JEL: The short story is still my first love. I like the process of working on a novel, of having a big mass of material that I can stretch and manipulate and into which I can thread strands. I like the task of building a world and populating it with more people than I can comfortably put in a short story. However, I also love the tautness of a short story, the intense payoff of the shorter time frame, the small dramas that have large consequences. I like being able to hold the arc in my head and tighten the elements, the language, and the rhythms. They say novels take longer to write, but I spent about seven years on the novel while the short stories span nearly 20 years of writing.

JD: What is your writing routine at this time? And I’ve got to ask: coffee or tea when you’re writing?

JEL: Chinese black tea only these days. Too much caffeine is no longer my friend. I am a morning writer, almost exclusively. I can revise in the afternoons, but the mornings are my best times for generating material. I mostly write at the Writers Workspace, which is a cooperative space three blocks from my house. I am lucky to have that resource nearby. It’s a great quiet atmosphere where I can really concentrate, unlike my home where I’m easily distracted.

JD: Can you tell us a little about what you’re working on now?

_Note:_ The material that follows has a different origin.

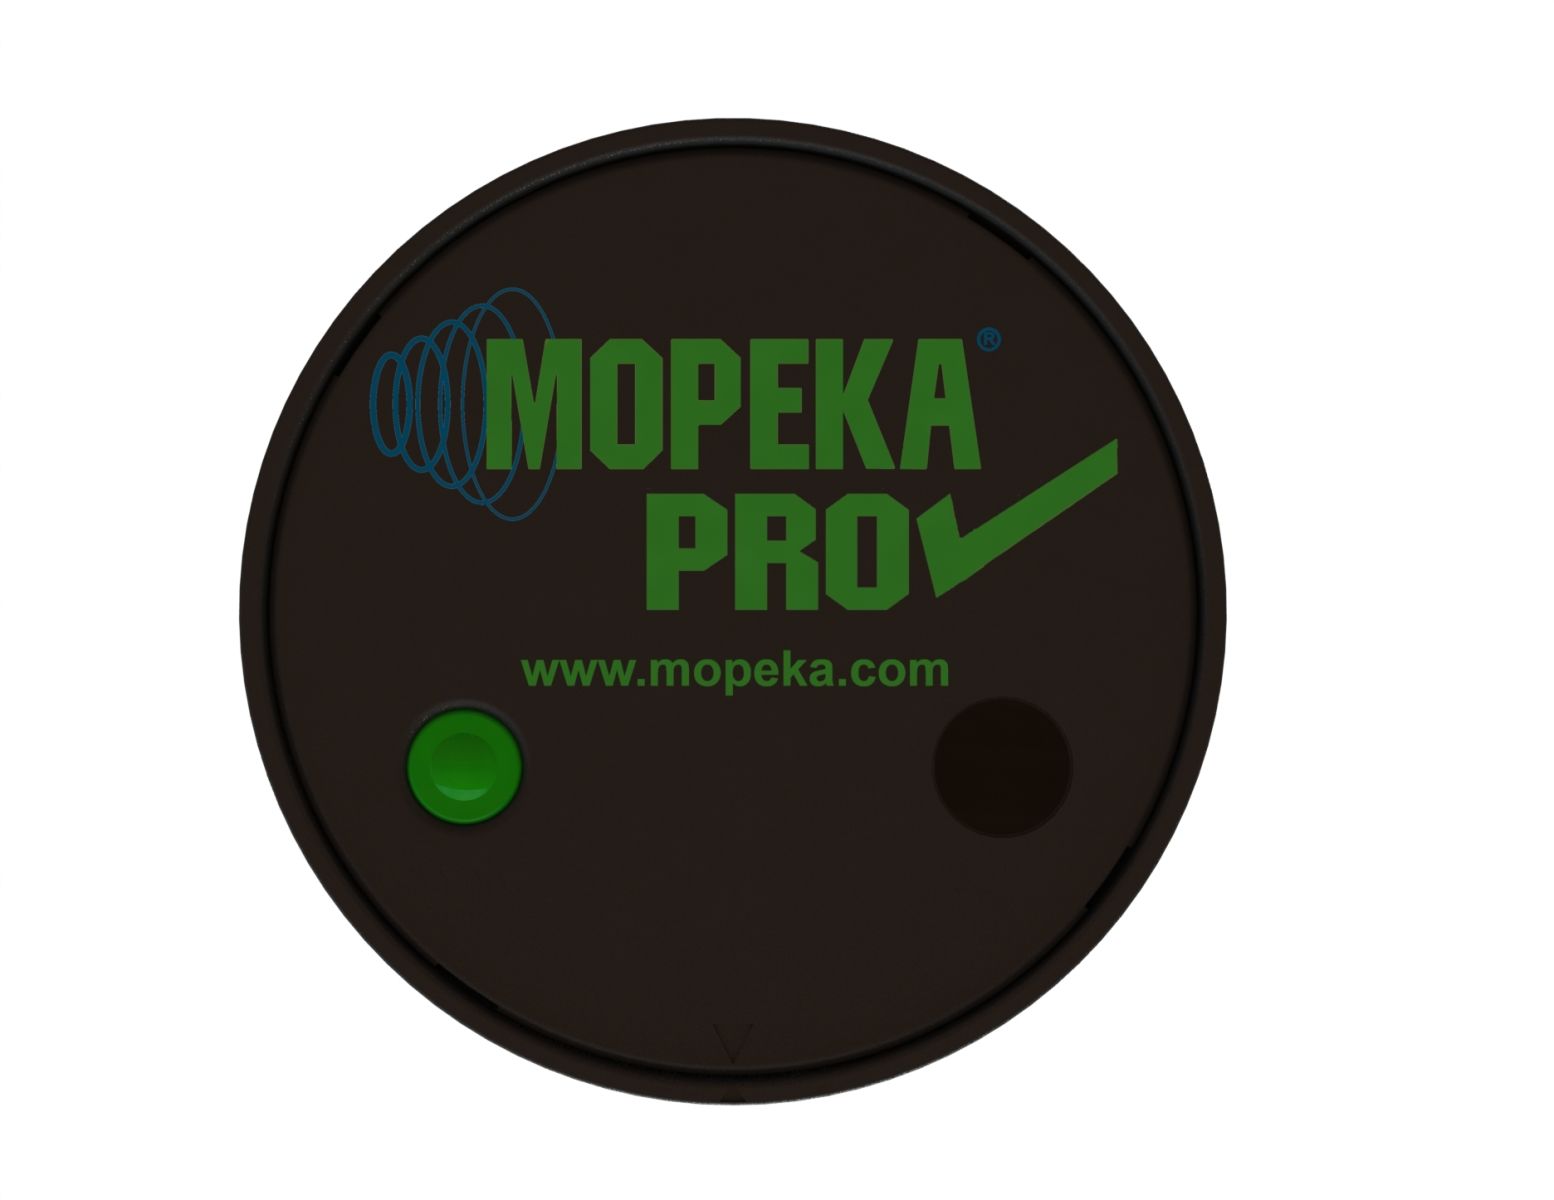 Mopeka Universal Sensor Front View showing sync button
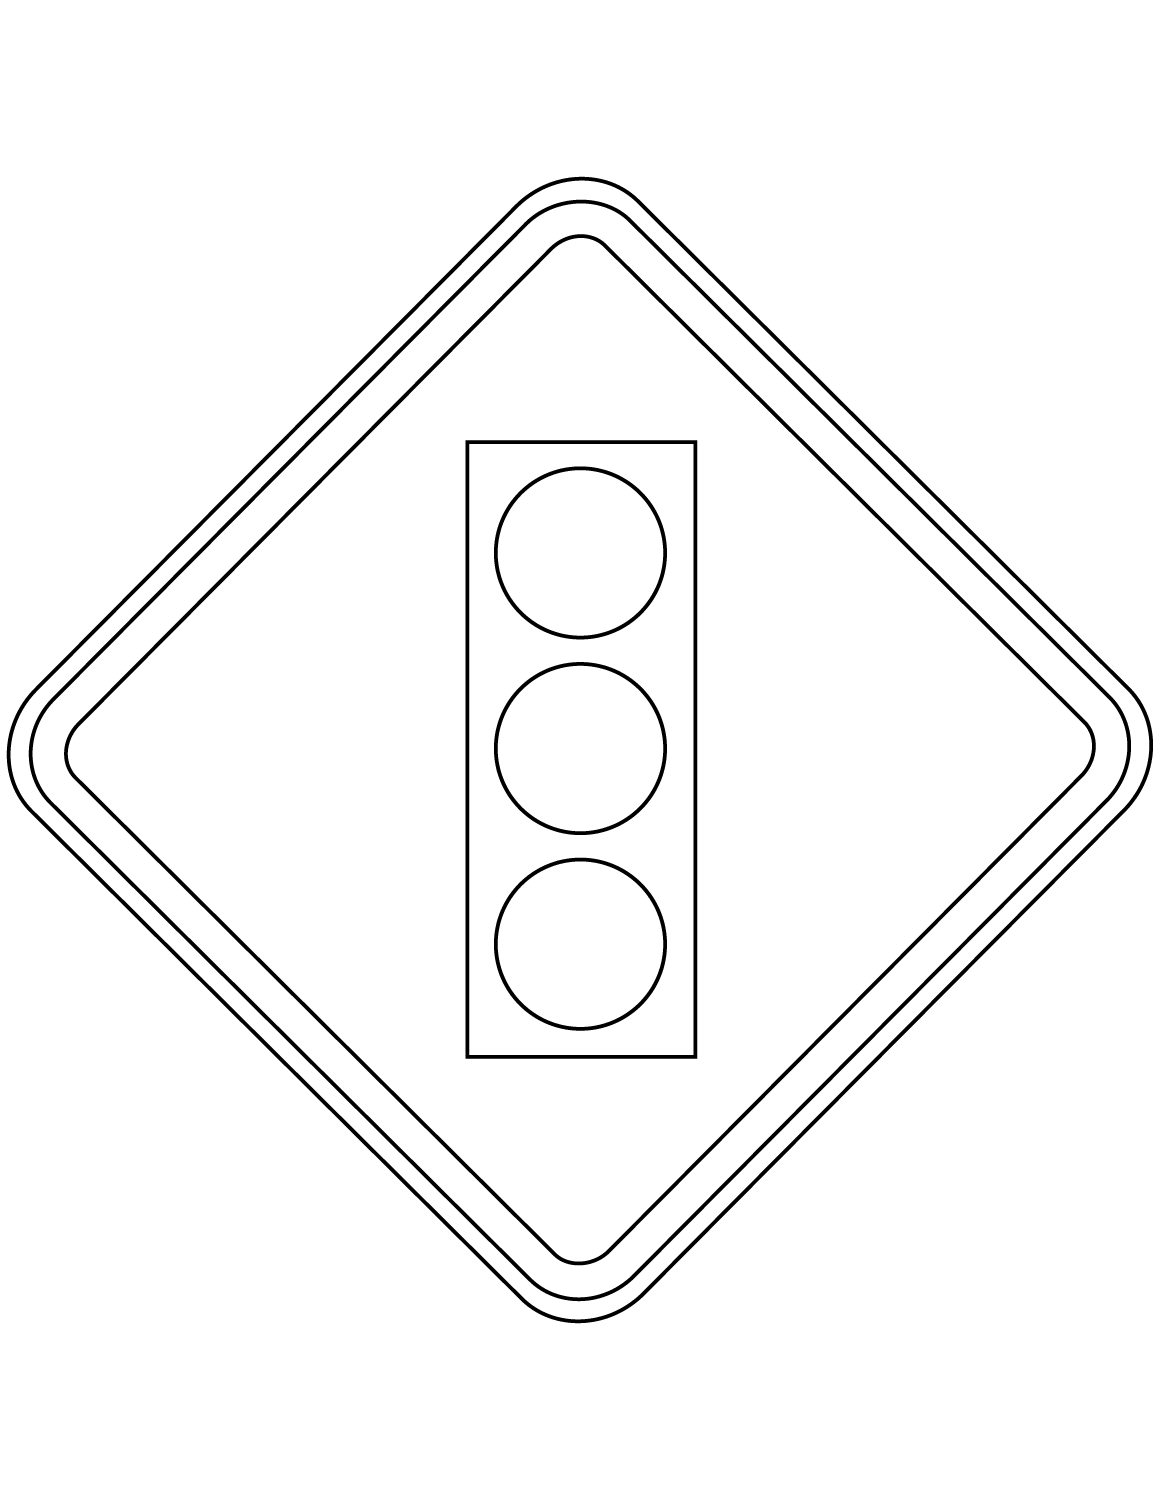 светофор шаблон для аппликации 2

JEL: I am working on a novel with two alternating points of view: two women who grow up in the same rural college town. They exist on parallel tracks due to social class, but their lives intersect over a shared experience. I am interested in the ways in which two people can grow up in the same small town but because of income and family expectations, their lives take very different paths. There’s been a lot of attention lately given to the “Two Americas,” and I want to explore this theme in a “town-and-gown” setting. I enjoy research, and this project has allowed me to read about the Iraq War, homeschooling, and the anti-vaxxer movement, as well as Caribbean literature, Greek mythology, and massage therapy certification programs. Ultimately, it’s a novel about forgiveness and what constitutes home and family.

Janice Deal

Janice Deal is the author of The Decline of Pigeons, a short story collection published by Queen’s Ferry Press and a finalist in the Flannery O’Connor Award for Short Fiction. Six of the nine stories, which detail the sometimes bitter, sometimes transcendent ways that people cope with the inevitability of loss, have appeared in literary magazines including The Sun, CutBank, the Ontario Review, The Carolina Quarterly, StoryQuarterly, and New Letters.